Work instructions:
Pick every line out of the entries below that holds the string "Women", and report them.

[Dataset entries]
____________________

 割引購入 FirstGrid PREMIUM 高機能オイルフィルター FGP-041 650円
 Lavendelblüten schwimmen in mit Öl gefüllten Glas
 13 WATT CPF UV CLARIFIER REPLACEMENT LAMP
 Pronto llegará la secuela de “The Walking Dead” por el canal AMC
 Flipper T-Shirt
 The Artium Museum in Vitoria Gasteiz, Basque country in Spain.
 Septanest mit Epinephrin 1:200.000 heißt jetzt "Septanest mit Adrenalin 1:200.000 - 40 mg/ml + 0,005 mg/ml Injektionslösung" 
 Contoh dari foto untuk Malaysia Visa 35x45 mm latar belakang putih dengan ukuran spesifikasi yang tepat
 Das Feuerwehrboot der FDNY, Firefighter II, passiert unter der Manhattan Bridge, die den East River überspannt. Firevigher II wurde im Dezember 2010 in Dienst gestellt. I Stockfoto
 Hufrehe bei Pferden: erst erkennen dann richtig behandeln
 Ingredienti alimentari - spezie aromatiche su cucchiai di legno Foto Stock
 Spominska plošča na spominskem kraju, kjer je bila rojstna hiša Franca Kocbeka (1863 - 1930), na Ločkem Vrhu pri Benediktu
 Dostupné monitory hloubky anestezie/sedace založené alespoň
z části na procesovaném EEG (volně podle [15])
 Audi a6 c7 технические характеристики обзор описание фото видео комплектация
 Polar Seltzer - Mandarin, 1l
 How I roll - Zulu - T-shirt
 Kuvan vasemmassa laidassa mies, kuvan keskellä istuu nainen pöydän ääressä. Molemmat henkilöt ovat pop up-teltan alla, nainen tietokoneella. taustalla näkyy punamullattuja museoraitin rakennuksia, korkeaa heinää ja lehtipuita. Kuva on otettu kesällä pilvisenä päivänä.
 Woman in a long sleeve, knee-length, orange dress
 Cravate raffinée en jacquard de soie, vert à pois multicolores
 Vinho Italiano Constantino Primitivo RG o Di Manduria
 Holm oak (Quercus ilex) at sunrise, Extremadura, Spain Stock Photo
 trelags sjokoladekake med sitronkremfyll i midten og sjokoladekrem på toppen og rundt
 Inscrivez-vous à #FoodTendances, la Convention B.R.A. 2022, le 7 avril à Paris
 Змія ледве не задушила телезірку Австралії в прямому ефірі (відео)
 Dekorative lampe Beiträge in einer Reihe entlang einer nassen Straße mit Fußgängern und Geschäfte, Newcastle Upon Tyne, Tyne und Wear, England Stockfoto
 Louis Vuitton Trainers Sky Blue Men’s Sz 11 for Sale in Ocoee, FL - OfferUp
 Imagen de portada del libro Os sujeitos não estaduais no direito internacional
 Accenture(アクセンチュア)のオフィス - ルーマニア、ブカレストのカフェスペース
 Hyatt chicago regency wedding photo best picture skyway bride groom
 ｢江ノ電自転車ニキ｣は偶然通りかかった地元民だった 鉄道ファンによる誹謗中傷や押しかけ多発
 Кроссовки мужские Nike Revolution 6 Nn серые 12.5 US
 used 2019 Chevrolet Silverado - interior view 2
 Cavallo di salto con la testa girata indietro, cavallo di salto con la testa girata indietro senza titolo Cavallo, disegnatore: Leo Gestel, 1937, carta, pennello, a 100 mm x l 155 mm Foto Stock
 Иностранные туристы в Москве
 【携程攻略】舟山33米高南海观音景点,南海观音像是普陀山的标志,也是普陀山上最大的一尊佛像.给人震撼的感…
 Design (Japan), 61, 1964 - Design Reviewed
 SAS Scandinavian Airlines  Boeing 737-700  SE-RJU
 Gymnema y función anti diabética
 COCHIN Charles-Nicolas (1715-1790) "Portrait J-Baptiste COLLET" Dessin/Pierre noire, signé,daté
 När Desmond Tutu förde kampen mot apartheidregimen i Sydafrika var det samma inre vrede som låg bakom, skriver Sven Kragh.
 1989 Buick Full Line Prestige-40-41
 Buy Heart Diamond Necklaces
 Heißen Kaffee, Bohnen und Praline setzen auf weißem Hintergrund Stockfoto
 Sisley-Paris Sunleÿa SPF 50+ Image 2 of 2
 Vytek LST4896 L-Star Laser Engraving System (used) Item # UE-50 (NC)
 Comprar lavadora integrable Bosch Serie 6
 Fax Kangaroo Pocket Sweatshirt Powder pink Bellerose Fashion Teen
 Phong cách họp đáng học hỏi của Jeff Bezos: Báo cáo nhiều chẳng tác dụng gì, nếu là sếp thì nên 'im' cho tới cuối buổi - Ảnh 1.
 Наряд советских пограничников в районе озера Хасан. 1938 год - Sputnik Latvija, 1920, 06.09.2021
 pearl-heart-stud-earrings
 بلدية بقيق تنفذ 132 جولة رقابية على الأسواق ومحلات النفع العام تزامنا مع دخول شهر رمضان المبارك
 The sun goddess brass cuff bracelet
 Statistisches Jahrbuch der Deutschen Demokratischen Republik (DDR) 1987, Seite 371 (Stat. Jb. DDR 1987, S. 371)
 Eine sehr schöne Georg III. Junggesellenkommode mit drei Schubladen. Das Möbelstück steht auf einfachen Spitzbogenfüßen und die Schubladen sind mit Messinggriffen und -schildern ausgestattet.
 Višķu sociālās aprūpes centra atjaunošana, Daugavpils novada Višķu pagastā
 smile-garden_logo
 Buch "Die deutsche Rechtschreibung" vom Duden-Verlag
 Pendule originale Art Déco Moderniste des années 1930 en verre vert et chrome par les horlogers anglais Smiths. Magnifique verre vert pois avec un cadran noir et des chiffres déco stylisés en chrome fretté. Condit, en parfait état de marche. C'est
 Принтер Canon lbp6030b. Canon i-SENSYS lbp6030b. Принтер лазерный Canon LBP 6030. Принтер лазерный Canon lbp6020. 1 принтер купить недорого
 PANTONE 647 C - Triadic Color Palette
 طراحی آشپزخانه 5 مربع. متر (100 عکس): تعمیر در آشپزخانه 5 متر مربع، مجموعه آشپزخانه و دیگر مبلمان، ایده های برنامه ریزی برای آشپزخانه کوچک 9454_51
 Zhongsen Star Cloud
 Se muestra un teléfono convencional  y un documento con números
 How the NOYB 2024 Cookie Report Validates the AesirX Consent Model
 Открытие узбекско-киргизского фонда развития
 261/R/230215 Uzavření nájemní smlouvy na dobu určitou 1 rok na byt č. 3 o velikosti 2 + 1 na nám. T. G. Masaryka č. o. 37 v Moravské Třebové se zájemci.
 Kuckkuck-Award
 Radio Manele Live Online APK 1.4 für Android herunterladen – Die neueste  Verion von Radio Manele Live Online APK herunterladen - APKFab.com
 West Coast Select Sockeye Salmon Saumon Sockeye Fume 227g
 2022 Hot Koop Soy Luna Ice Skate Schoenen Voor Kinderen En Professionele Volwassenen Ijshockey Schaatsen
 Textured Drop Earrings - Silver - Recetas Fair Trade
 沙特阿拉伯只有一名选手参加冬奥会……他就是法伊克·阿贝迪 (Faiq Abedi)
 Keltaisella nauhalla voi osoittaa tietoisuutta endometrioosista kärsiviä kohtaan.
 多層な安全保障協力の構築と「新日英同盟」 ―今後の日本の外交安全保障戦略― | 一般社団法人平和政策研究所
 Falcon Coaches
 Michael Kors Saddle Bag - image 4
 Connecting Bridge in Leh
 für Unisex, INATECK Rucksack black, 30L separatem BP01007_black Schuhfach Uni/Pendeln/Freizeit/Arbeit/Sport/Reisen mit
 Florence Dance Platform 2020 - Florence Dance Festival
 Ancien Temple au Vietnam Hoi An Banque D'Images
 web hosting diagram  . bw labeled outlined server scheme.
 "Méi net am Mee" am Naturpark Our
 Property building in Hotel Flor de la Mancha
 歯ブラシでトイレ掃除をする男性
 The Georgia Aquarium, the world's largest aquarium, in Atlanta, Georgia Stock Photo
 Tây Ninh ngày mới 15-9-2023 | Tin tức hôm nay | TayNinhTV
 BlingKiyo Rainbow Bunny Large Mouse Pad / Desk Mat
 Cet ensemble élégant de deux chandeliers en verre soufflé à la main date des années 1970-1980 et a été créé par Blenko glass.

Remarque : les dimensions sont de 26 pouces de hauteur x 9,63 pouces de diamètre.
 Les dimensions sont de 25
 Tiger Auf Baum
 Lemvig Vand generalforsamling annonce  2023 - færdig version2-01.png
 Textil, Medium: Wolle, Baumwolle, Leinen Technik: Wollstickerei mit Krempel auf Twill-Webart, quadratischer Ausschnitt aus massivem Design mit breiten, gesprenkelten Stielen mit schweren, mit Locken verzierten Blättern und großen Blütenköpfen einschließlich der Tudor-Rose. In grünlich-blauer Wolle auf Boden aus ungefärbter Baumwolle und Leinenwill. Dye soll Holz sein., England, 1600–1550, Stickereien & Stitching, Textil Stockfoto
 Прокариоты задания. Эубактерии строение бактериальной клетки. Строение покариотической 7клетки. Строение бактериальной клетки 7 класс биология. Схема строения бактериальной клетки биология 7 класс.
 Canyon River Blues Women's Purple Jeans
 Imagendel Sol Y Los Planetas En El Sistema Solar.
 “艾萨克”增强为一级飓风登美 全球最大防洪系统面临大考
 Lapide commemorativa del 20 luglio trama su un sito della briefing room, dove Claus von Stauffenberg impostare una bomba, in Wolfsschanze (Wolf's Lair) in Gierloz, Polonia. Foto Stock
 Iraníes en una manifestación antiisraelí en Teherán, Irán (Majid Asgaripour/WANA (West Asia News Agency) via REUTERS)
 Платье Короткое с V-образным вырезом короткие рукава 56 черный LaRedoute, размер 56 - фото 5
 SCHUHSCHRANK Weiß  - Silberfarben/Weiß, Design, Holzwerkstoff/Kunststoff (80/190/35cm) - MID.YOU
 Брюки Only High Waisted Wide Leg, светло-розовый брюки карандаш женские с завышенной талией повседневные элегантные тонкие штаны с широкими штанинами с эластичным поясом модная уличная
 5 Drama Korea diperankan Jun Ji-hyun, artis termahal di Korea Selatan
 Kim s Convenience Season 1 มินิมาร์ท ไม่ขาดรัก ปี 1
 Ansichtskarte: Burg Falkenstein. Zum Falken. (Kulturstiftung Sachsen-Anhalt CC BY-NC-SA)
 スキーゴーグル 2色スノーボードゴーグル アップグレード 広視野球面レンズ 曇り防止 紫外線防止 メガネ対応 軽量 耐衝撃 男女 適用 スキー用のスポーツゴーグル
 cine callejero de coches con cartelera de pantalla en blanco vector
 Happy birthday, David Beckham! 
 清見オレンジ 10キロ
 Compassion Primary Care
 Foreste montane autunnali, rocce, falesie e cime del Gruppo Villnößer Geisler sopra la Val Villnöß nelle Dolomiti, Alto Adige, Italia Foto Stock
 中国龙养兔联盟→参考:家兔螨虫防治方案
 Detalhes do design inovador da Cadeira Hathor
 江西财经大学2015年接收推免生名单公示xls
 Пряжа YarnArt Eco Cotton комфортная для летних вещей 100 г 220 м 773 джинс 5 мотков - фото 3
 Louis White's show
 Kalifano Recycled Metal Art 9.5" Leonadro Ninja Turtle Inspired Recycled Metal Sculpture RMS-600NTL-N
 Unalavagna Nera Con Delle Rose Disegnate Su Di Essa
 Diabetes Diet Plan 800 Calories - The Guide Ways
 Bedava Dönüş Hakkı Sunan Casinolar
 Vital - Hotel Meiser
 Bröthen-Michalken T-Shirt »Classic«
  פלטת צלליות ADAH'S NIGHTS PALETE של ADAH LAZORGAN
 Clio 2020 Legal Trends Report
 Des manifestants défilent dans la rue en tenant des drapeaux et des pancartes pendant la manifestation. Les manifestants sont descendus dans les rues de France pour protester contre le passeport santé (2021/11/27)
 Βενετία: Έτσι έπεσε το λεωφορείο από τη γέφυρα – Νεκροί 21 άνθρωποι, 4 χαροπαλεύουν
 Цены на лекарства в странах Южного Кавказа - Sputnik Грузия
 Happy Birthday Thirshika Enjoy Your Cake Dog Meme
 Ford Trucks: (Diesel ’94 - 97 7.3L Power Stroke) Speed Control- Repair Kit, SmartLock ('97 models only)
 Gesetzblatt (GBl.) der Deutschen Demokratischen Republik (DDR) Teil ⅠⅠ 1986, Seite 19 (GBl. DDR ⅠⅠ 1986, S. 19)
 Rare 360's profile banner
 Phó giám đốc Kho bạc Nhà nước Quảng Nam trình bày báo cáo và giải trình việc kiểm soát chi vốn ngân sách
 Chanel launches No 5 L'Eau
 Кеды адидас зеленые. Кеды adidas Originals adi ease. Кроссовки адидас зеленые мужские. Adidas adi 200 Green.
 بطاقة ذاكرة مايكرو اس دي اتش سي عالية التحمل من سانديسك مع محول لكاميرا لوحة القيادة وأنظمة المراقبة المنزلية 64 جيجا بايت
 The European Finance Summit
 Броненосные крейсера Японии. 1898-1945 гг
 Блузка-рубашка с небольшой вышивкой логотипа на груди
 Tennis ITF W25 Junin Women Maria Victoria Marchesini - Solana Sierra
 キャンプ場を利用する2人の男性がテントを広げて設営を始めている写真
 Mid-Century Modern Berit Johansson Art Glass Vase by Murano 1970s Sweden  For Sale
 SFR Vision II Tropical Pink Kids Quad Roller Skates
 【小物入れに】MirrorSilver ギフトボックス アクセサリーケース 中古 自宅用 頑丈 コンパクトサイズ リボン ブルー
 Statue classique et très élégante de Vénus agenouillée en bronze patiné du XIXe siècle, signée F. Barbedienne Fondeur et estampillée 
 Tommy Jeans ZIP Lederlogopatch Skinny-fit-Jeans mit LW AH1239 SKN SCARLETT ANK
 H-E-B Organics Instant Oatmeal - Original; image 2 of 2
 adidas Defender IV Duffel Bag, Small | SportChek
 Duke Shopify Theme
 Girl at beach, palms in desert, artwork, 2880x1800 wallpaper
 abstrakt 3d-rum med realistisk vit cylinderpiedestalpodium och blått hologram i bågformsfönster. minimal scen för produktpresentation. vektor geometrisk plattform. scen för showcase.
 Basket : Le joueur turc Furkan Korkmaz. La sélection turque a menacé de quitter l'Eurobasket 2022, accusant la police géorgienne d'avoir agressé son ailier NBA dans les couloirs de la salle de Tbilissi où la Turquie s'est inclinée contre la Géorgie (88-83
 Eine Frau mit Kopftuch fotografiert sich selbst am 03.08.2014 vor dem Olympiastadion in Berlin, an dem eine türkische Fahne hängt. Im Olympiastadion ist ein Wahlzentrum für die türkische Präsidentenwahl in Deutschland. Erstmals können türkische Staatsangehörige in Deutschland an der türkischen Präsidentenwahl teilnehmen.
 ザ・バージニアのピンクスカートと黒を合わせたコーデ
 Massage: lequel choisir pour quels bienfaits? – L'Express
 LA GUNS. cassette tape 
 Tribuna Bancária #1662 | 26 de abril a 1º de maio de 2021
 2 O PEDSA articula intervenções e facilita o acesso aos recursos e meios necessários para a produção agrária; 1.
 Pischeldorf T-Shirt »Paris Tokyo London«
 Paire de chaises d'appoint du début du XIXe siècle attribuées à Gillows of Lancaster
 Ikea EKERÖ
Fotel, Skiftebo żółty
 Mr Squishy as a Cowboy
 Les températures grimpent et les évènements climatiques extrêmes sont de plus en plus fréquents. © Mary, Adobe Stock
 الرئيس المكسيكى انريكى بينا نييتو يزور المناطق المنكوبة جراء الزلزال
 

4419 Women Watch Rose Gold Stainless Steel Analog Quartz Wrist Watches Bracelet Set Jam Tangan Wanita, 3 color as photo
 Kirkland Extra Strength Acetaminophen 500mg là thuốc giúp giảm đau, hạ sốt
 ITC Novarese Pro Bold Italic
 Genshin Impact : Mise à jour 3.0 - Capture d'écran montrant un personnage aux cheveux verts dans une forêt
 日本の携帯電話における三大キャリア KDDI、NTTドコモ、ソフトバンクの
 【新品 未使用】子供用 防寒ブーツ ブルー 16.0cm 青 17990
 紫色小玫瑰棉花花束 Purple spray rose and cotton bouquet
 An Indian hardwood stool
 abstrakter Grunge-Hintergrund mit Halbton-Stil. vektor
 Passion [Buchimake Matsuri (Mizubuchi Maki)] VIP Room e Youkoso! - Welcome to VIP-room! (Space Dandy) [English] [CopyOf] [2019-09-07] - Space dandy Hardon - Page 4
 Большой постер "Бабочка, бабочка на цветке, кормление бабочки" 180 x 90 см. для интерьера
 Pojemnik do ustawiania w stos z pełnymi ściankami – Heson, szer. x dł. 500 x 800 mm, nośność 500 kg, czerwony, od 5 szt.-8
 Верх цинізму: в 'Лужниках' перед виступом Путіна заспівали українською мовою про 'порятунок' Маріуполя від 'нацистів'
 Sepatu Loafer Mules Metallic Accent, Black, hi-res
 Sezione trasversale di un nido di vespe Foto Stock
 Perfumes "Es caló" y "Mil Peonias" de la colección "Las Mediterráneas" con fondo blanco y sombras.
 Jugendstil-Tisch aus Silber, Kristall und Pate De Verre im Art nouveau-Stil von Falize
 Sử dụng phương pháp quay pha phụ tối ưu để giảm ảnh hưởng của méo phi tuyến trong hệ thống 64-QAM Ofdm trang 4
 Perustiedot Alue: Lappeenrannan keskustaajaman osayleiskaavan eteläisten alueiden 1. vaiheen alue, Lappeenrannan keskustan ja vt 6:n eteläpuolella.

____________________

Output below:
 Canyon River Blues Women's Purple Jeans
 Tennis ITF W25 Junin Women Maria Victoria Marchesini - Solana Sierra
4419 Women Watch Rose Gold Stainless Steel Analog Quartz Wrist Watches Bracelet Set Jam Tangan Wanita, 3 color as photo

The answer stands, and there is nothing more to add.